Ultrasound assessment of lung aeration loss during a successful weaning trial predicts postextubation distress
Critical Care Medicine, 06/22/2012
Soummer A et al. – Lung ultrasound determination of aeration changes during a successful spontaneous breathing trial may accurately predict postextubation distress.
Methods- One hundred patients were included in the study.
- Lung ultrasound, echocardiography, and plasma B–type natriuretic peptide levels were determined before and at the end of a 60–min spontaneous breathing trial and 4 hrs after extubation.
- To quantify lung aeration, a lung ultrasound score was calculated.
- Patients were followed up to hospital discharge.
- Fourteen patients failed the spontaneous breathing trial, 86 were extubated, 57 were definitively weaned (group 1), and 29 suffered from postextubation distress (group 2).
- Loss of lung aeration during the successful spontaneous breathing trial was observed only in group 2 patients: lung ultrasound scores increased from 15 [13;17] to 19 [16; 21] (p<.01).

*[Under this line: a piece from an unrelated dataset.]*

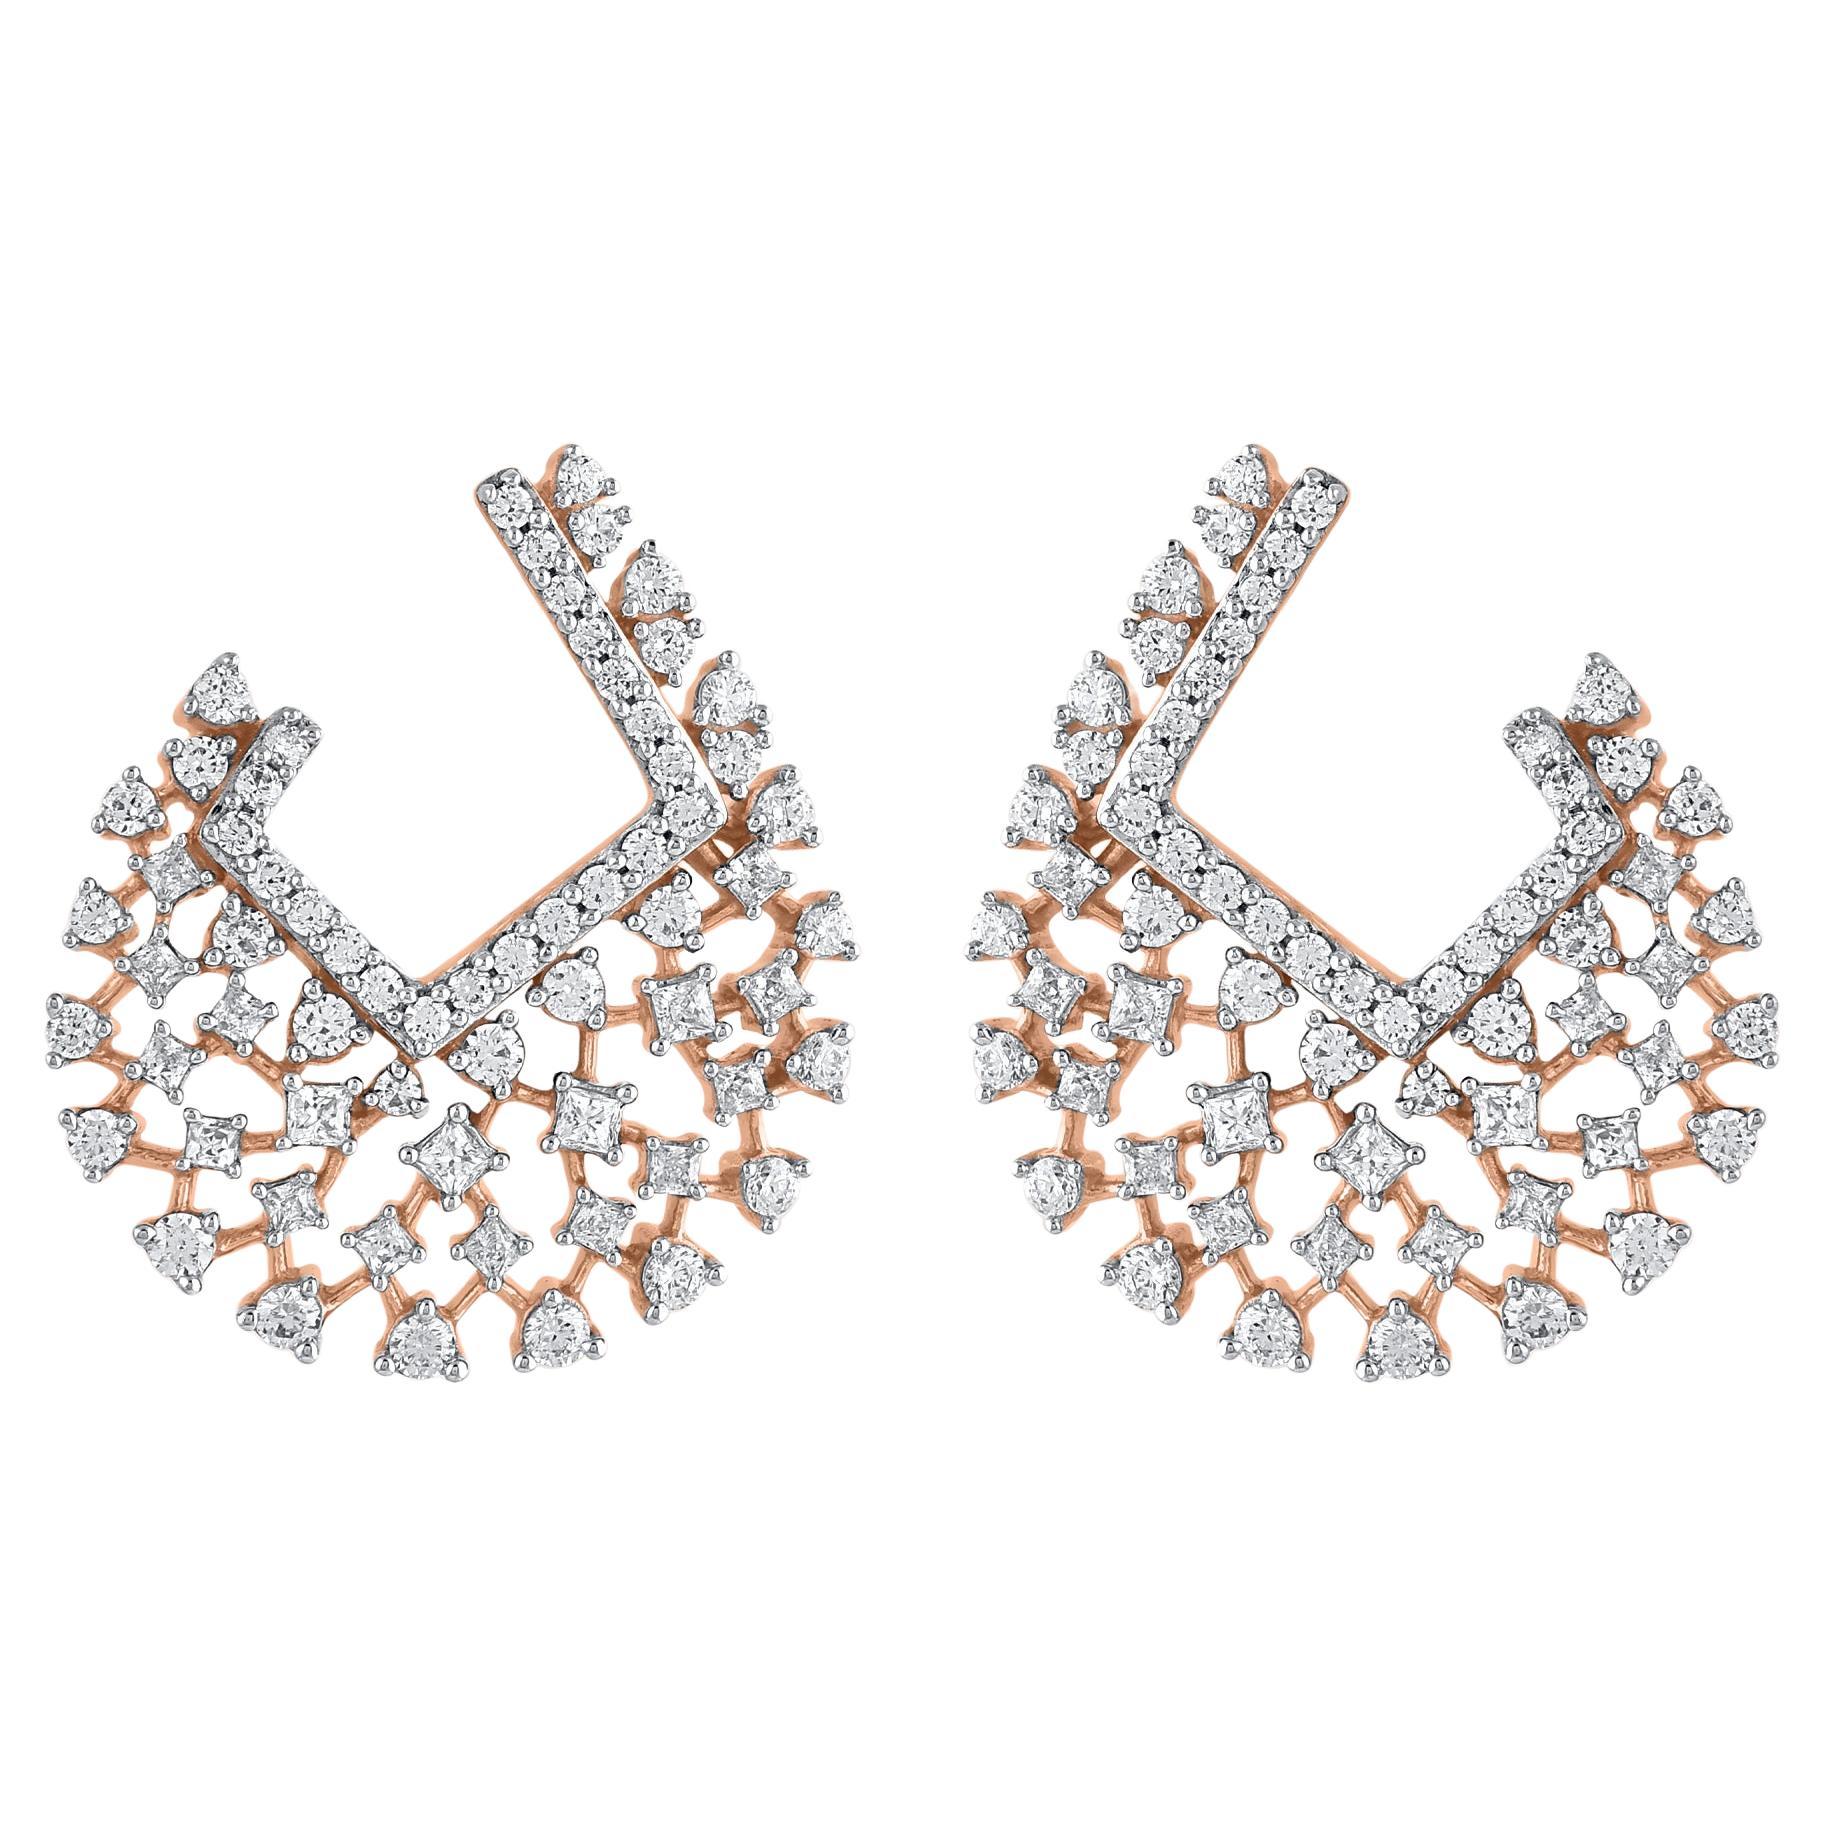 TJD 2.0 Carat Natural Diamonds Designer Stud Earrings in 14 Karat Rose Gold

- End–spontaneous breathing trial lung ultrasound scores were significantly higher in group 2 than in group 1 patients: 19 [16;21] vs. 10 [7;13], respectively (p<.001) and predicted postextubation distress with an area under the receiver operating characteristic curve of 0.86.
- Although significantly higher in group 2, B–type natriuretic peptide and echocardiography cardiac filling pressures were not clinically helpful in predicting postextubation distress.